**Task item**
Could you work out the number of lines in the listing that include the word "Black" and reply with that figure alone?

**Provided information**
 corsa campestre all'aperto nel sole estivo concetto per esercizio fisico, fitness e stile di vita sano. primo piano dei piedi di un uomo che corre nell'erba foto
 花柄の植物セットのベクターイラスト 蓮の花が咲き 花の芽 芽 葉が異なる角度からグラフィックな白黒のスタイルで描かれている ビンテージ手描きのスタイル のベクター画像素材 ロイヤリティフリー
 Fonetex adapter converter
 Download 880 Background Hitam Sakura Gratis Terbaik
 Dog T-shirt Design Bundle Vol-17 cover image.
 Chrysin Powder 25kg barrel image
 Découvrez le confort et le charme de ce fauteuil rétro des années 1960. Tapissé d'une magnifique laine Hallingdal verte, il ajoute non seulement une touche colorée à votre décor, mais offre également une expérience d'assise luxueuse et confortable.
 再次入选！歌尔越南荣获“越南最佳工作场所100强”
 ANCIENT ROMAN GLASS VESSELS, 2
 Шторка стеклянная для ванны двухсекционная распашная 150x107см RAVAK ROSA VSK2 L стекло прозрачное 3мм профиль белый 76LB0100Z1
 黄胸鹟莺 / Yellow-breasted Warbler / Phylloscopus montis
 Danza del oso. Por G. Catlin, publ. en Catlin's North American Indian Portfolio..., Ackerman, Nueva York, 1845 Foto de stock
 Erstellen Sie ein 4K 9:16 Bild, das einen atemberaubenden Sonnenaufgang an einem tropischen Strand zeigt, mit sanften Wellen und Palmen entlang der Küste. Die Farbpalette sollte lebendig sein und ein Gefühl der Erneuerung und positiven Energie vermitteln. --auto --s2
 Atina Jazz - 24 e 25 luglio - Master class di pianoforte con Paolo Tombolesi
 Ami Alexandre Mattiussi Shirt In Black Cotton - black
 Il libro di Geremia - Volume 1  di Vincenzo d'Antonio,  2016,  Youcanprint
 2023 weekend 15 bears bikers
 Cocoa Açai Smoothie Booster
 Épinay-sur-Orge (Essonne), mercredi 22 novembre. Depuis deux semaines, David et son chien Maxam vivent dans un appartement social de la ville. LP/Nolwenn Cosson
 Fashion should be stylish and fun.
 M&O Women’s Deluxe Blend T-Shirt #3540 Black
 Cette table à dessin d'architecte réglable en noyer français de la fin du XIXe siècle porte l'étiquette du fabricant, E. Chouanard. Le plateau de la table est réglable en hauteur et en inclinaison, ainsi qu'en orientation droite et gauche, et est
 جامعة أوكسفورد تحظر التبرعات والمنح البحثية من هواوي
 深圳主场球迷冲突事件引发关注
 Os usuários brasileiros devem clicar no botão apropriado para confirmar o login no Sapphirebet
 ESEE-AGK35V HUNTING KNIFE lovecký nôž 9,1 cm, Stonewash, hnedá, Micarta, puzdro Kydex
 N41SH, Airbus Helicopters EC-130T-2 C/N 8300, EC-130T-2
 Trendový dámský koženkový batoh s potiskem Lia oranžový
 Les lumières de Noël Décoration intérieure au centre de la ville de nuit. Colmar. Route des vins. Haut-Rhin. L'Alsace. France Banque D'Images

**Response**
2